Thursday, July 28, 2016

14 Weeks

This past Sunday, I started week 14. The nausea at night is getting a lot better, and I'm starting to get my energy back. I looked back on pictures of when I was pregnant with our daughter, and I am now about the size I was at 20 weeks with her. Which reminds me- I really need to buy new clothes. . .

Today was my doctor's appointment. It was an easy one, one I get really annoyed about. Drive 45 minutes for a 5 minute appointment- weight, vitals, fetal heart beat, any questions, schedule next appointment. However, with this pregnancy, I really really dread my appointments. Each time, I just sit there expecting to get told bad news. Today, I just had a feeling the doctor was going to say, "I'm sorry, I can not find the heartbeat." I have a fetal heart Doppler at home from when I was pregnant with C, and I figured I would use it daily. No. It is a bittersweet item to have. I do check it once a week, but each time it brings out anxiety about not being able to find it. So today, at my appointment, as I was laying there as she tried to find the heartbeat, she searched. And searched. I watched the clock- why they put those in the room is beyond me. It took her 2 minutes and 43 seconds to find it. I was holding my breath, trying to tell C to be quiet (she never stops talking), as I struggled to listen, just begging to hear the little flutter. She finally found it. I wonder if she thinks I am cold or something, because I did smile, but my facial expression was more relieved than happy/excited like it was every time with C. 

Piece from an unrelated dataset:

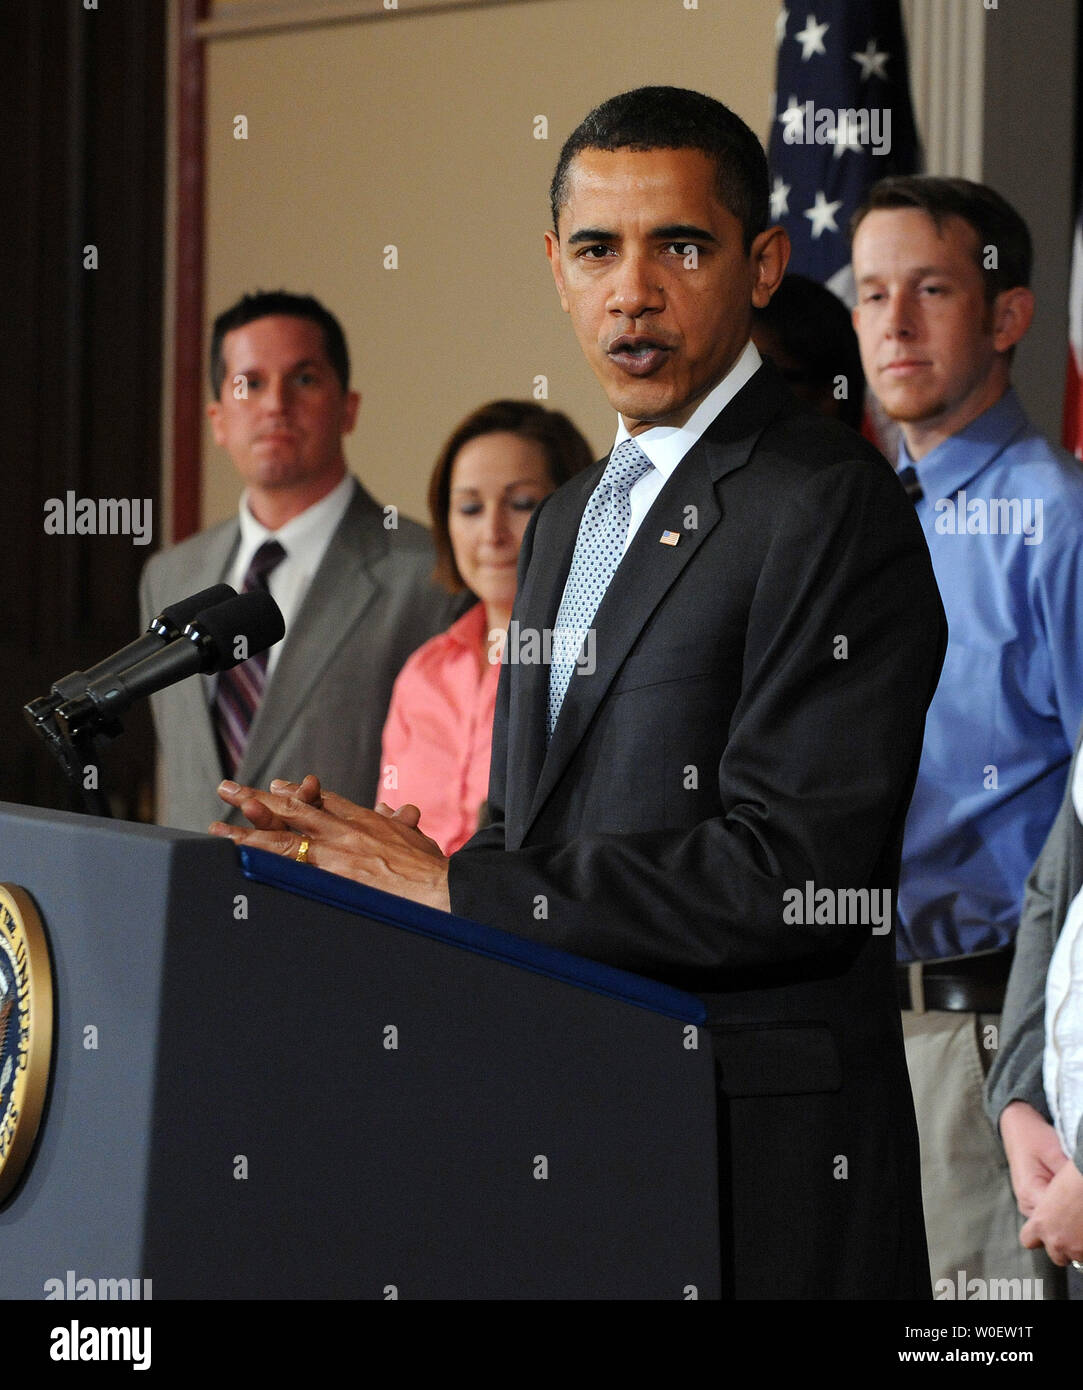 U.S. President Barack Obama speaks about Tax Day in the Eisenhower Executive Office Building adjacent to the White House on April 15, 2009. Obama said his policies reduced taxes for 95 percent of Americans and that in the future he would seek to simplify the tax code and make it more fair. With him are members of working families.   (UPI Photo/Roger L. Wollenberg) Stock Photo

It is easy to go on with life and pretend I am comfortable with everything and relieved I have made it this far. But I am not naive- you can lose a baby at any stage of pregnancy. This is going to be a constant battle or emotion until delivery is over. And it is so draining. And it is hard to hide, but I am tired of the remarks and responses people give when I express my concerns. So they are all internal. Which, for me, makes it really hard. 

If you know someone who is going through a miscarriage, who has gone through one, or who is pregnant after one- don't dismiss or downplay their feelings of concern or sadness or anxiety. You may be trying to help ease their mind, but you come off as an annoying asshole. Especially if you have never been through this hell yourself. I am sorry to get defensive, but it isn't helpful. Please, just show support- even by just saying, "I'm sorry, if there is anything I can help with let me know. I am here."